Our customers have different devices like 1080TI, 2080TI, 3080, Jetson AGX… and I want to know how to shortened the build engine time.
I’m upgrading my TRT version from 7 to 8 and I found it have a new feature call timing cache. Does this feature means I can use this cache across different devices like gen cache on 2080TI and use it on 3080? If not, what is the best method to shortened the build engine time?

Environment

TensorRT Version: 8.4.1.5
GPU Type: 1080TI, 2080TI, 3080, Jetson AGX
Nvidia Driver Version: 516.40
CUDA Version: 11.1
CUDNN Version: 8
Operating System + Version: windows 10 + ubuntu 20.04 + Jetson
Python Version (if applicable):
TensorFlow Version (if applicable):
PyTorch Version (if applicable):
Baremetal or Container (if container which image + tag):

Relevant Files

Steps To Reproduce

Hi ,
We recommend you to check the supported features from the below link.
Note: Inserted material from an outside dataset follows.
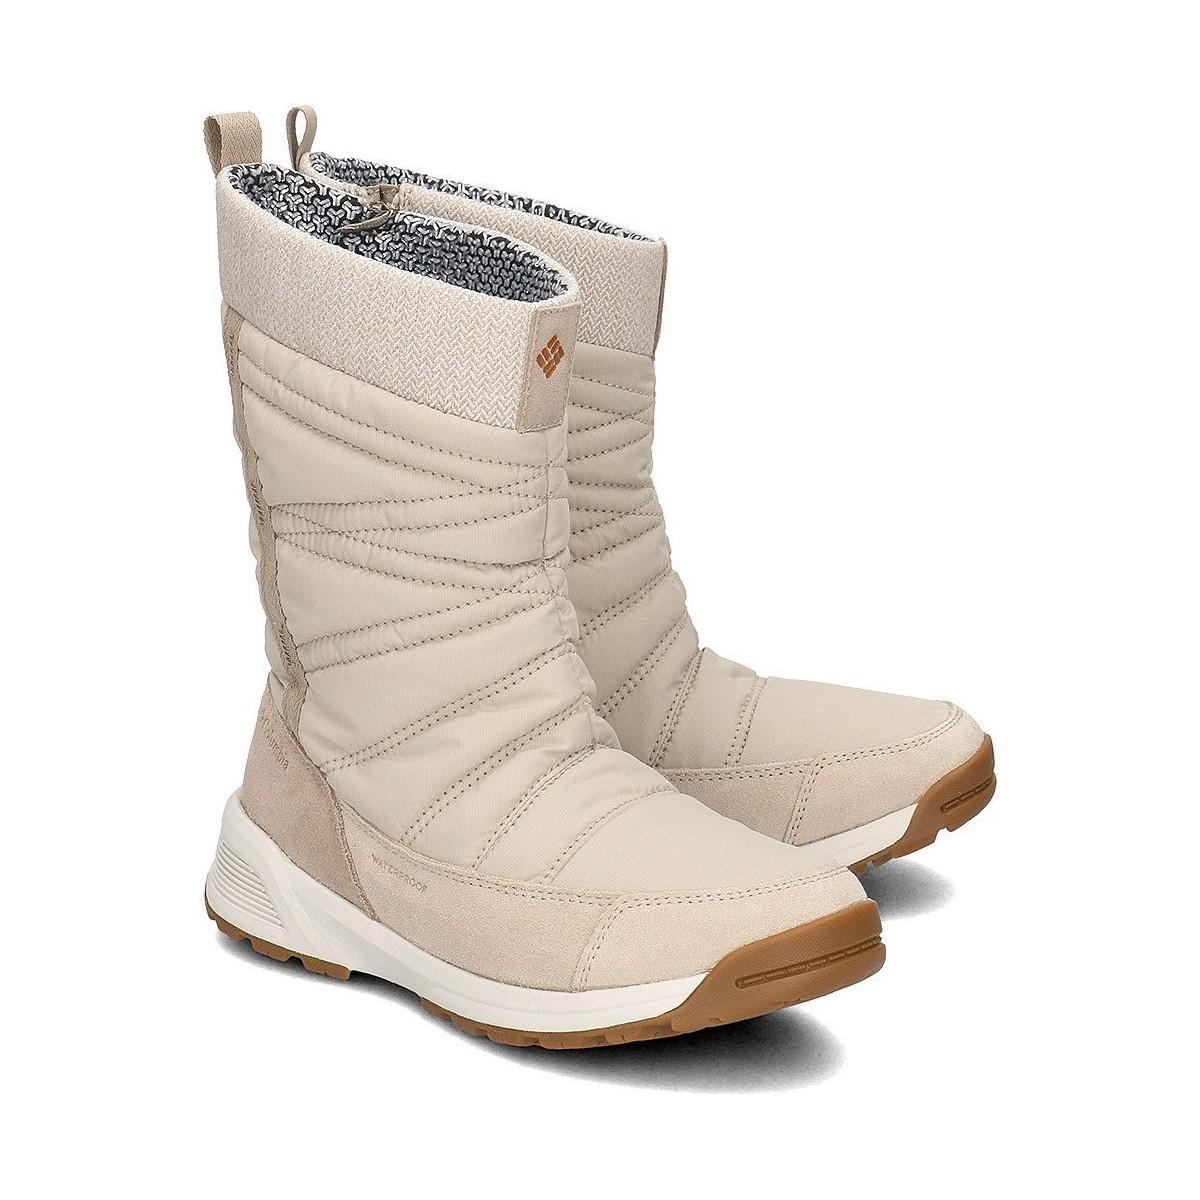 d98f9bd90483 Columbia Meadows Slip On Omni Heat 3d Women's Snow Boots In Beige in ...

You can refer below link for all the supported operators list.
For unsupported operators, you need to create a custom plugin to support the operation

Thanks!

Hi,
My model is support for all device like 1080, 2080,3080. I remember that it could not share the same plan file for different compute capability, right?
We give customer our onnx models and they gen the plan file by their devices. Now, they think it takes a long time to generate the plan file and I found maybe timing cache can solve this question, is it?
If not, do you have any idea to solve this problem?

Thanks!

Hi,

Yes, currently we have a timing cache, and please try increasing the workspace.

Thank you.

Hi @spolisetty ,
If I want to shortend build engine time for fp16, just turn on timing cache and workspace, is it?
If so, how big would you recommend increasing the workspace?

Thanks.

Yes, workspace you can allocate based on your GPU memory available.